Some people were recording events on their mobile phones. Gardaí, aware that images of the crash were being circulated online, appealed to people “not to share or circulate the images out of respect to the family of the deceased and those involved in the collision”.

“I couldn’t imagine what is going through their heads, probably no malice,” Mulroy says of people posting graphic footage. “It is probably just: ‘Oh look at me – stuck in traffic.’”

Just this week, he attended a scene where a group of motorists had forced a car containing children that was being driven erratically to pull in at the side of the road. The driver was later breathalysed.

“You do have good people,” says Mulroy of those who intervened.

Major incidents that cause sections of the M50 to close are usually fatal events, but not always. In 2021, Mulroy was called to the scene of an overturned lorry on a slip road between junction 11 at Tallaght and junction nine at the Red Cow. Builders rubble from the lorry had spilt across the M50 and closed the motorway, causing widespread traffic disruption across west Dublin.

Debris – usually the remains of blown-out tyres but sometimes as dangerous as a concrete block – is a regular menace. Workers going out on to the motorway to remove material or into the central reservation to cut grass or fix drains are protected by large incident protection vehicles. These are essentially mobile crash barriers protected by flashing lights and warning signs travelling hundreds of metres behind. Yet, in a recent incident, a van passed two sets of warning lights and smashed into the protection vehicle at a speed estimated to be 100km/h.

Debris taken from the M50. Photograph: Bryan Meade
Debris taken from the M50. Photograph: Bryan Meade

Given how busy the road is during the day, most road maintenance is carried out at night. For some daytime workers, such as incident responders and grass cutters, the M50 can be a dangerous place to work as thousands of lorries pass within feet of them at noise levels that can be deafening.

But some parts of the M50 are more problematic that others.

Andrew O’Sullivan, a TII engineer, says the reason last month’s motorcycle fatality had such an impact on the motorway was because there is no easily accessible alternative route between Blanchardstown and Liffey Valley. The section includes the West Link bridges, high above the surrounding countryside as the M50 crosses the Liffey. Traffic cannot divert and motorists from Meath and north and central Dublin, heading south of the Liffey, have few alternatives.

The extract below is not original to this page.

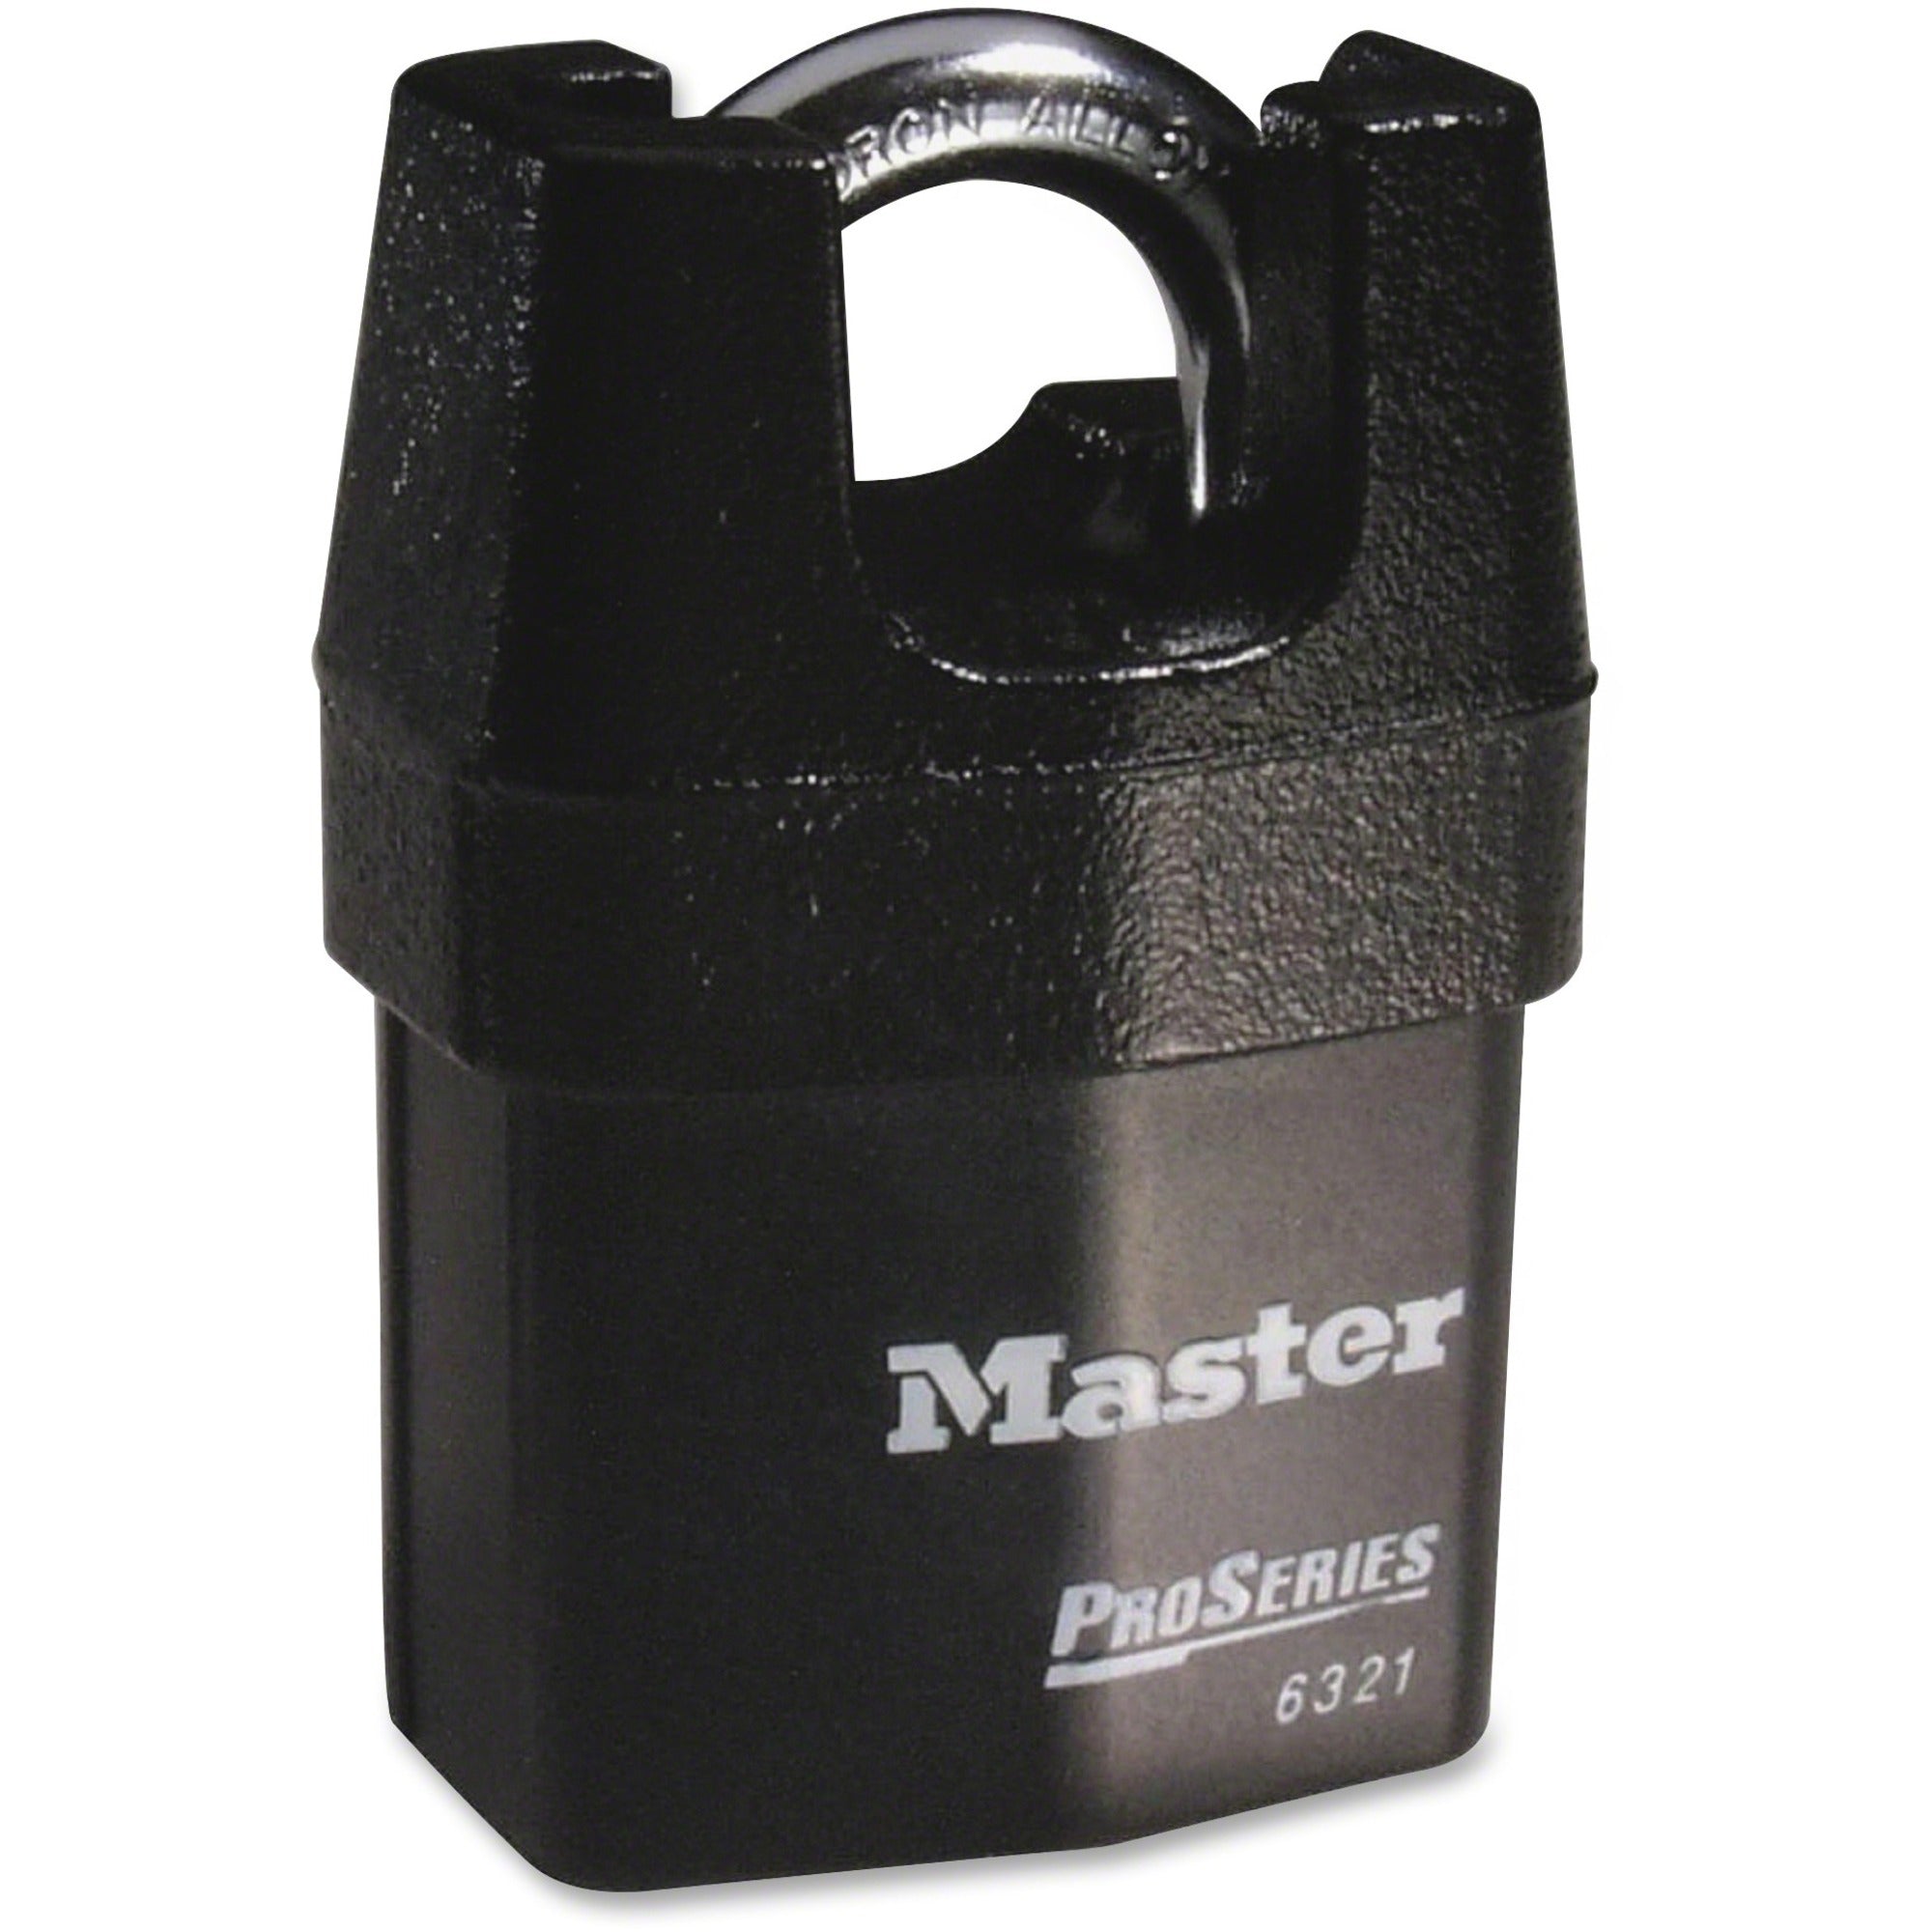 Master Lock Boron Shackle Pro Series Padlock - Keyed Different - 0.31" Shackle Diameter - Cut Resistant, Pry Resistant - Steel - Black - 1 Each -

Kevin McGrath of Globalvia Jons ltd, Andrew O'Sullivan, senior operations manager for TII network projects, and Miguel Alfonso, M50 general manager. Photograph: Bryan Meade

Even though traffic on nearby motorways coming into Dublin would be advised of the road closure “as far as 100km out”, there were few options to cross the Liffey, congesting a wide area.

O’Sullivan points to another fatal crash involving a lorry and two motorbikes in June 2022. That incident, which happened between the Red Cow and Liffey Valley, did not cause such congestion because there were alternative routes around the crash site at that location.

When crashes happen, a hierarchy applies, O’Sullivan explains. The top tier comprises the “blue light” workers: gardaí, paramedics and the fire brigade. The M50 incident support units can only protect and advise. If gardaí decide a forensic collision examination is necessary, the road is closed at their instruction.

“That is when it is out of our control,” O’Sullivan says.

“What we try to do is inform people far enough out that they can change their journey,” he says of incidents involving the Blanchardstown to Liffey Valley stretch.

“Make an informed decision to either reroute or go home or whatever they choose to do. But we try to inform them far enough out to allow them to do it.”

For a road that recorded almost 185,000 vehicles one day last year on the busiest stretch between the Blanchardstown and Finglas junctions, this work is critical to keep the traffic flowing.